TASK DESCRIPTION. Pictures aside, reproduce exactly and only the lines below, starting at the one containing "riobel_bottom.jpg" and ending at the last line.

SUPPLIED DATA.
———

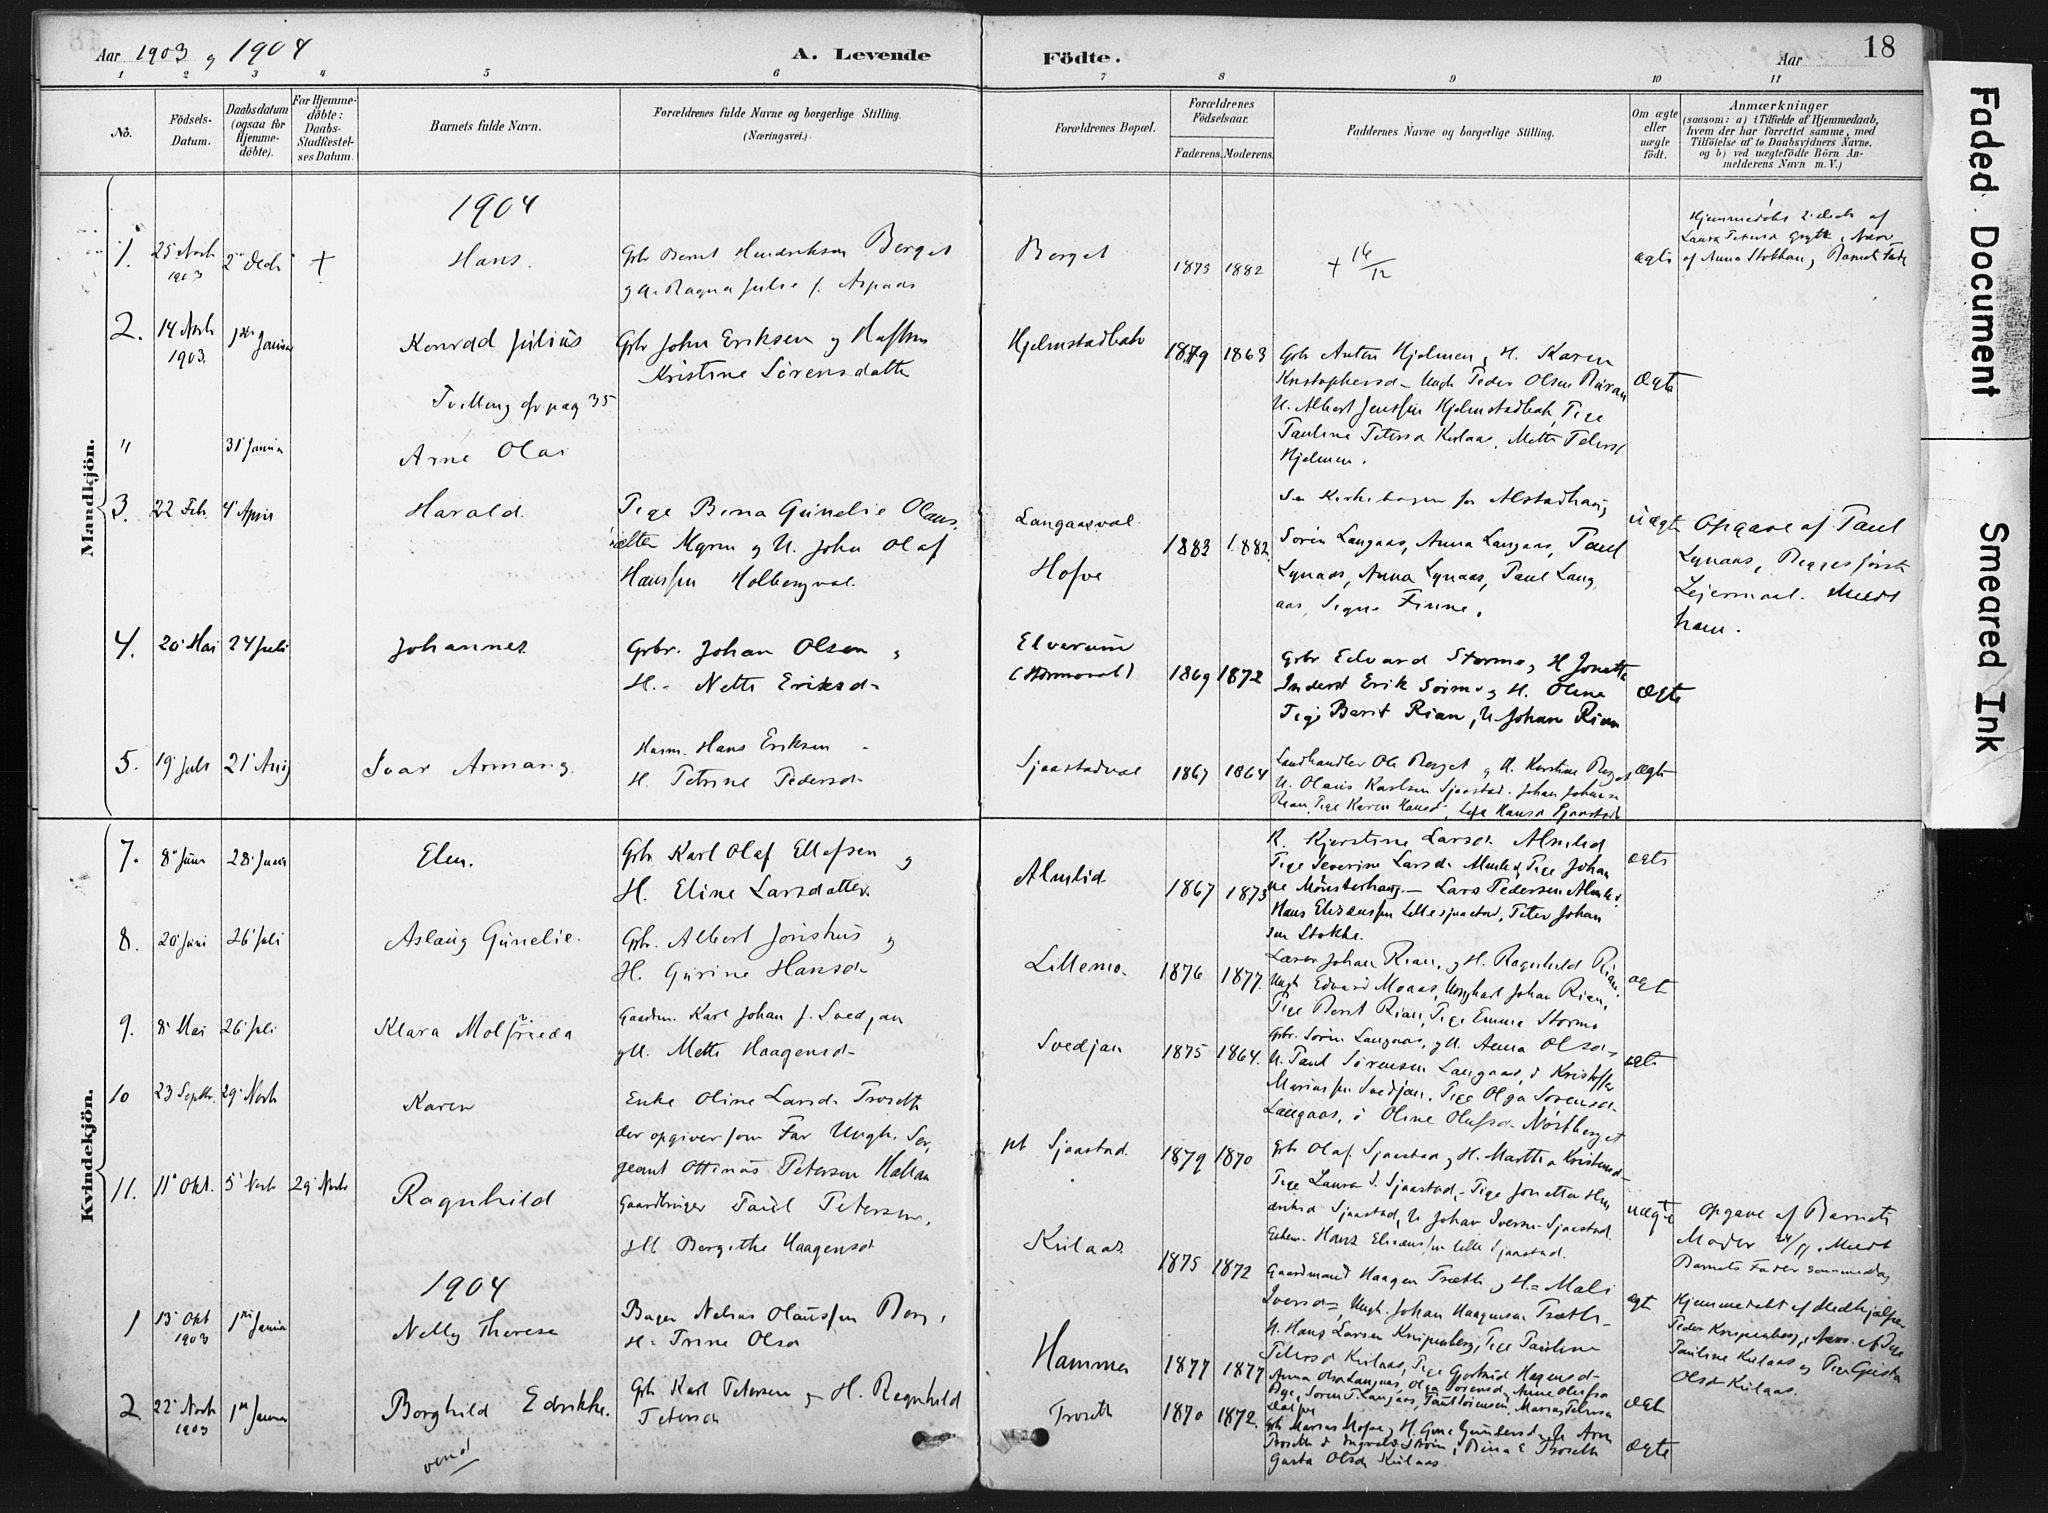 SAT, Ministerialprotokoller, klokkerbøker og fødselsregistre - Nord-Trøndelag, 718/L0175: Ministerialbok nr. 718A01, 1890-1923, s. 18
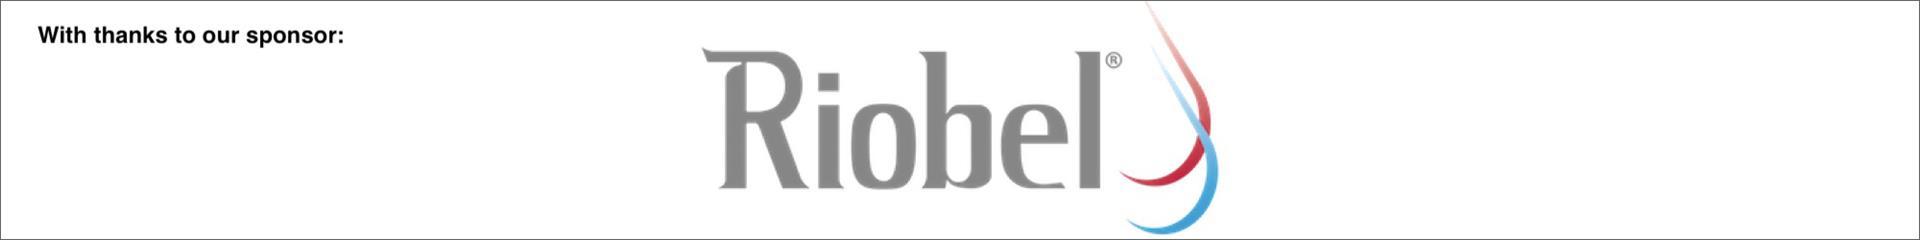 riobel_bottom.jpg
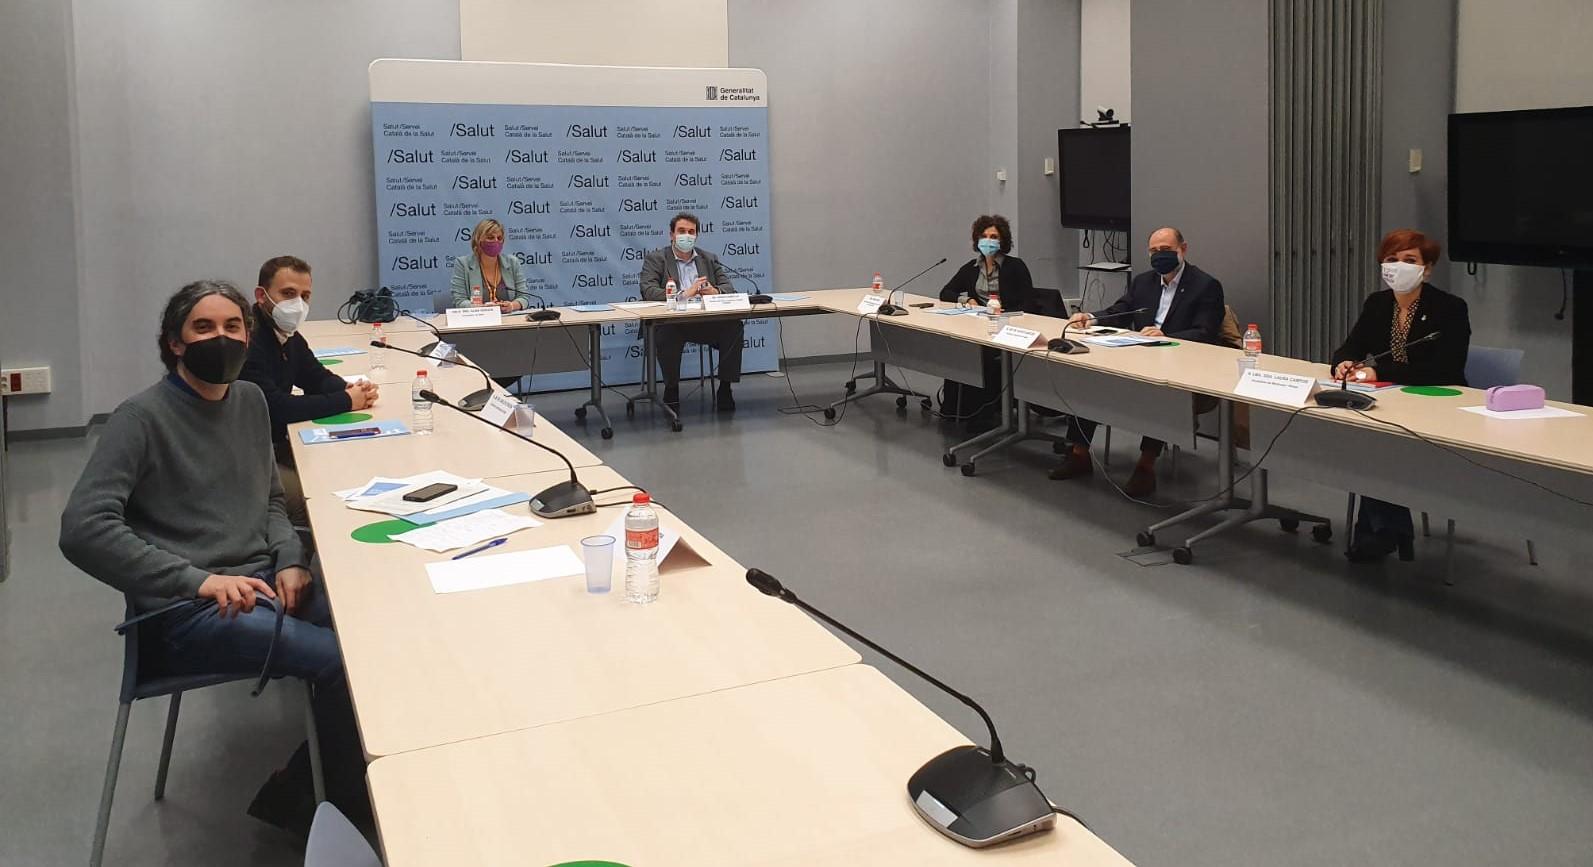 Una imatge de la reunió de Vergés i Comella amb alcaldes i alcaldesses del territori.
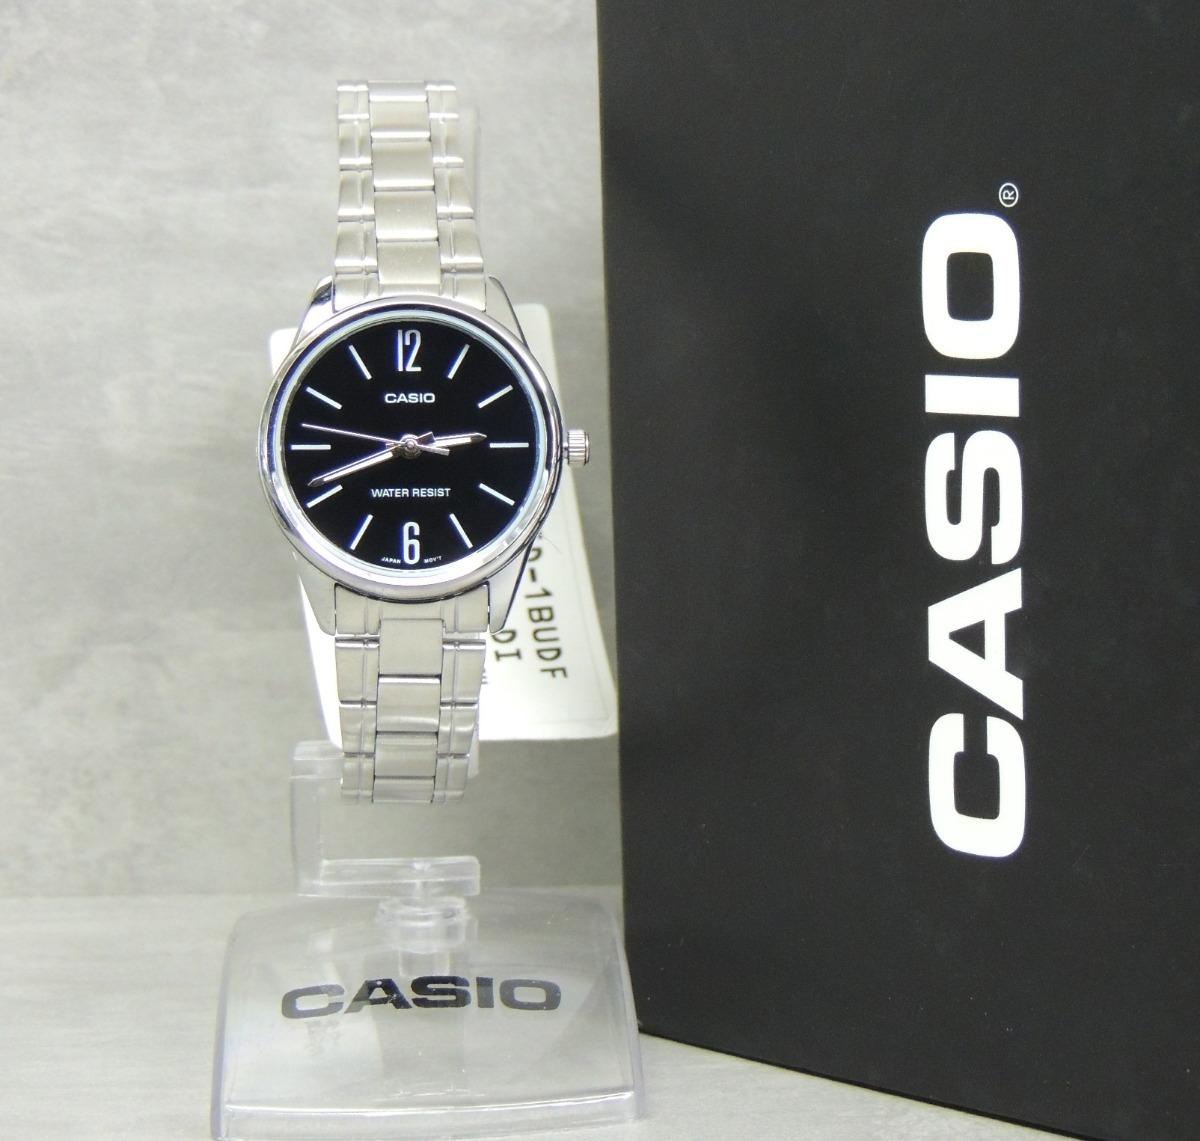 1ac36ffbc4d Relógio Casio Feminino Ltp-v005d-1budf - Lançamento - Nf - R  158

———

EXERCISE ANSWER.
 riobel_bottom.jpg
 Una imatge de la reunió de Vergés i Comella amb alcaldes i alcaldesses del territori.
 1ac36ffbc4d Relógio Casio Feminino Ltp-v005d-1budf - Lançamento - Nf - R  158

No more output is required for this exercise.